0

I want to return all rows that were public in May (2019-05), so if a row was turned to draft (and not back to public) at any point before the end of May, I don't want it. For example:

id | post_id | status | date
-------------------------
 1 | 1       | draft  | 2019-03-25
 2 | 1       | public | 2019-04-02
 3 | 1       | draft  | 2019-05-25
 4 | 2       | draft  | 2019-03-10
 5 | 2       | public | 2019-04-01
 6 | 2       | draft  | 2019-06-01

The desired result for the above would return post_id 2 because its last status change prior to the end of May was to public.

post_id 1 was put back in draft before the end of May, so it would not be included.

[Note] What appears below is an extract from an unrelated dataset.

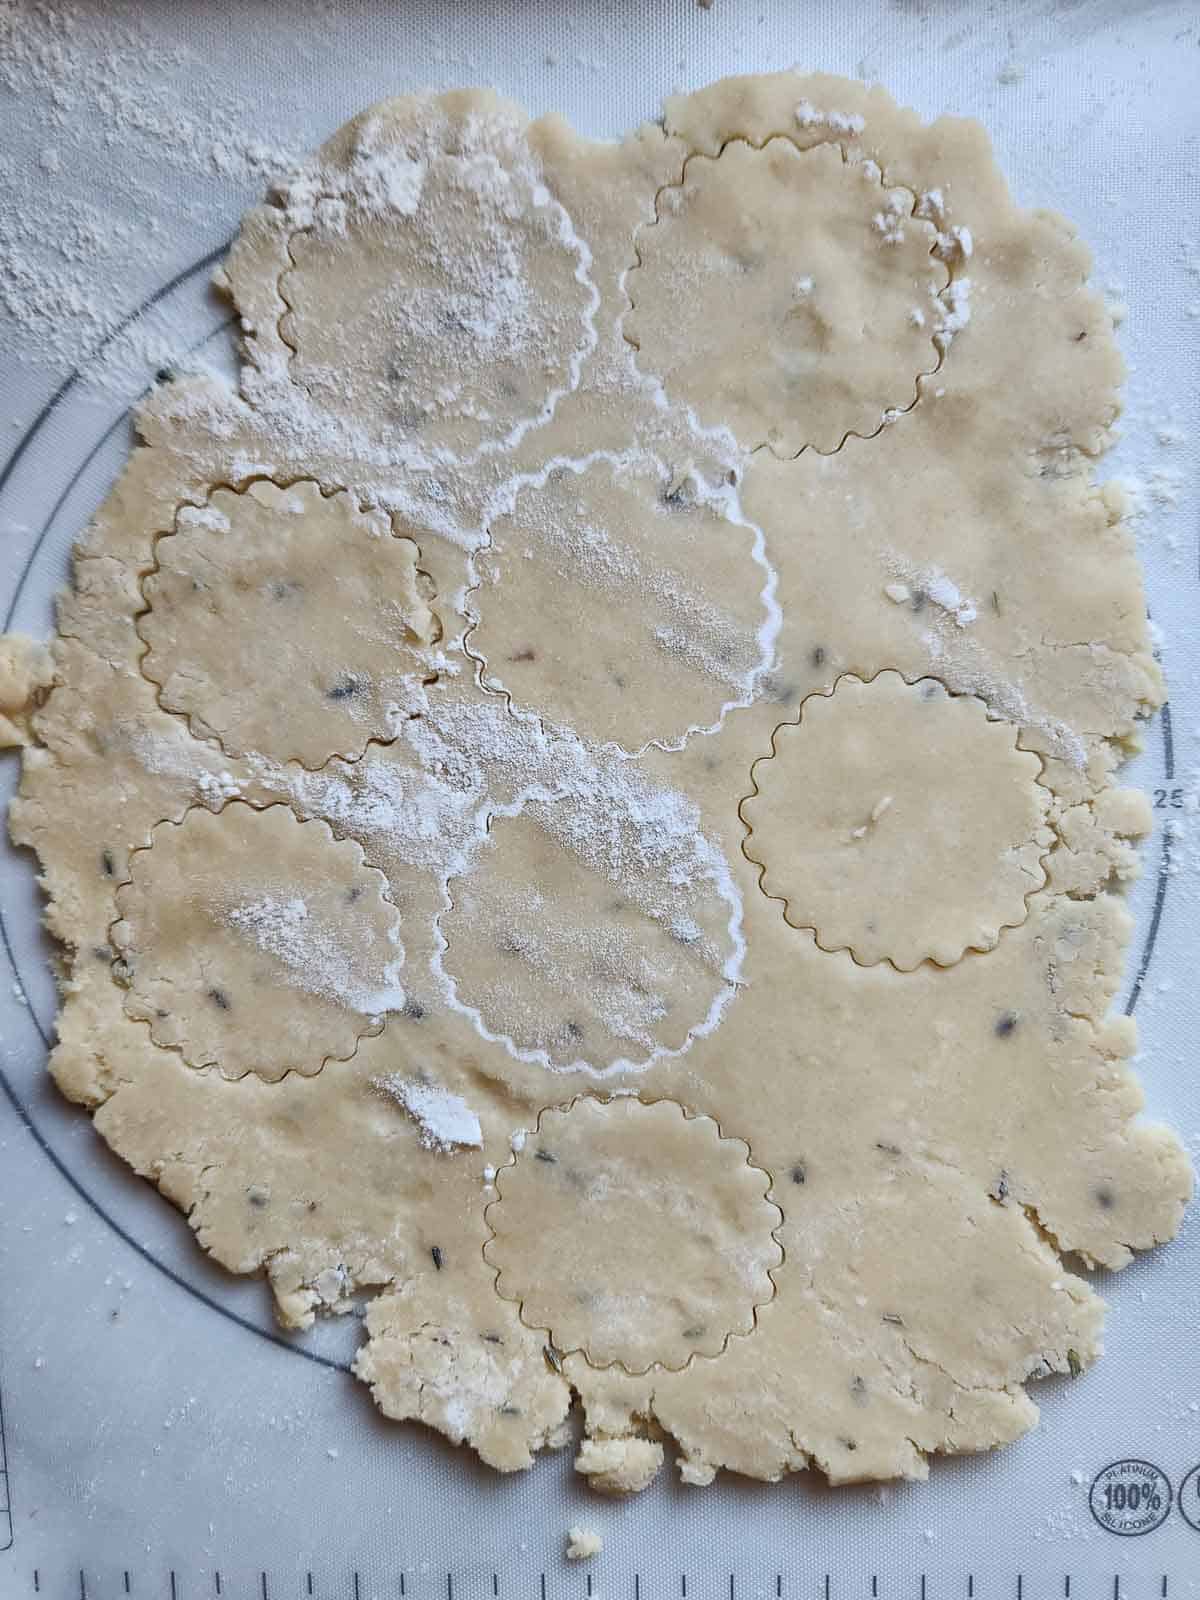 Lemon lavender shortbread dough cut out with a cookie cutter.
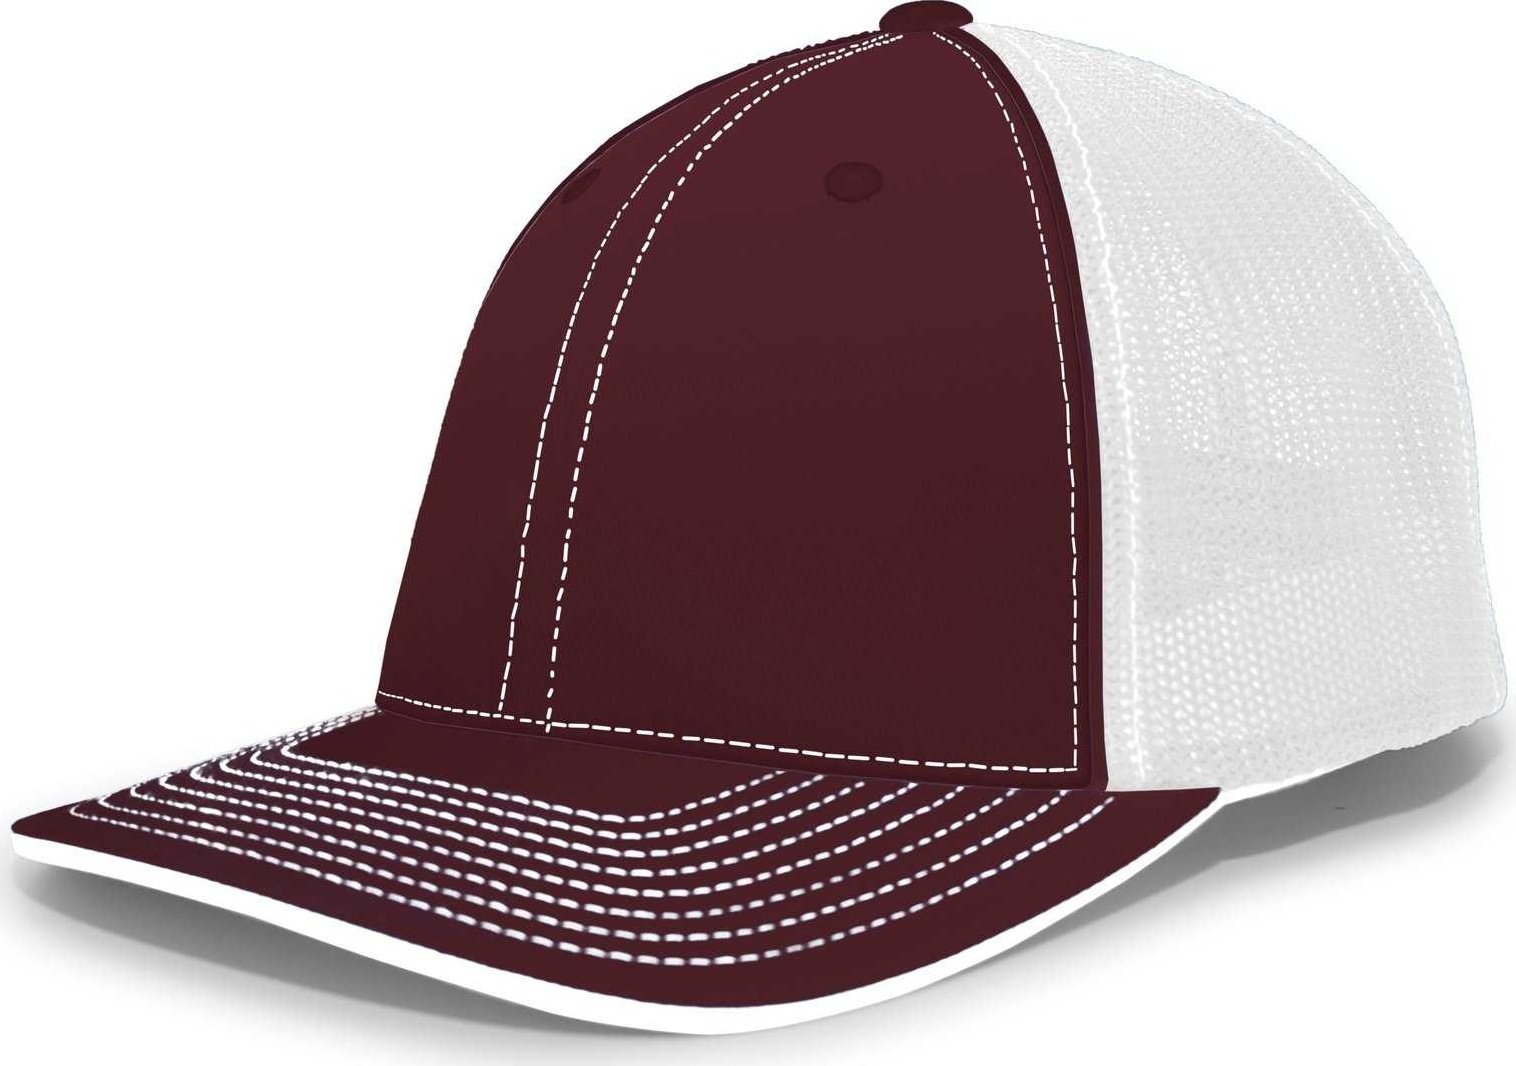 Pacific Headwear 404M Trucker Flexfit Cap - Maroon White - HIT a Double

I'm not sure how to use the correct join or sub-queries to do this as efficiently as possible.

Barbaros Özhan
  • 59,113
  • 10
  • 31
  • 55
HWD
  • 1,547
  • 7
  • 36
  • 72

2 Answers2

1

You seem to want the status as of 2019-05-31. A correlated subquery seems like the simplest solution:

select t.*
from t
where t.date = (select max(t2.date)
                from t t2
                where t2.post_id = t.post_id and
                      t2.date <= '2019-05-31'
               );

To get the ones that are public, just add a WHERE condition:

select t.*
from t
where t.date = (select max(t2.date)
                from t t2
                where t2.post_id = t.post_id and
                      t2.date <= '2019-05-31'
               ) and
      t.status = 'public';

For performance, you want an index on (post_id, date).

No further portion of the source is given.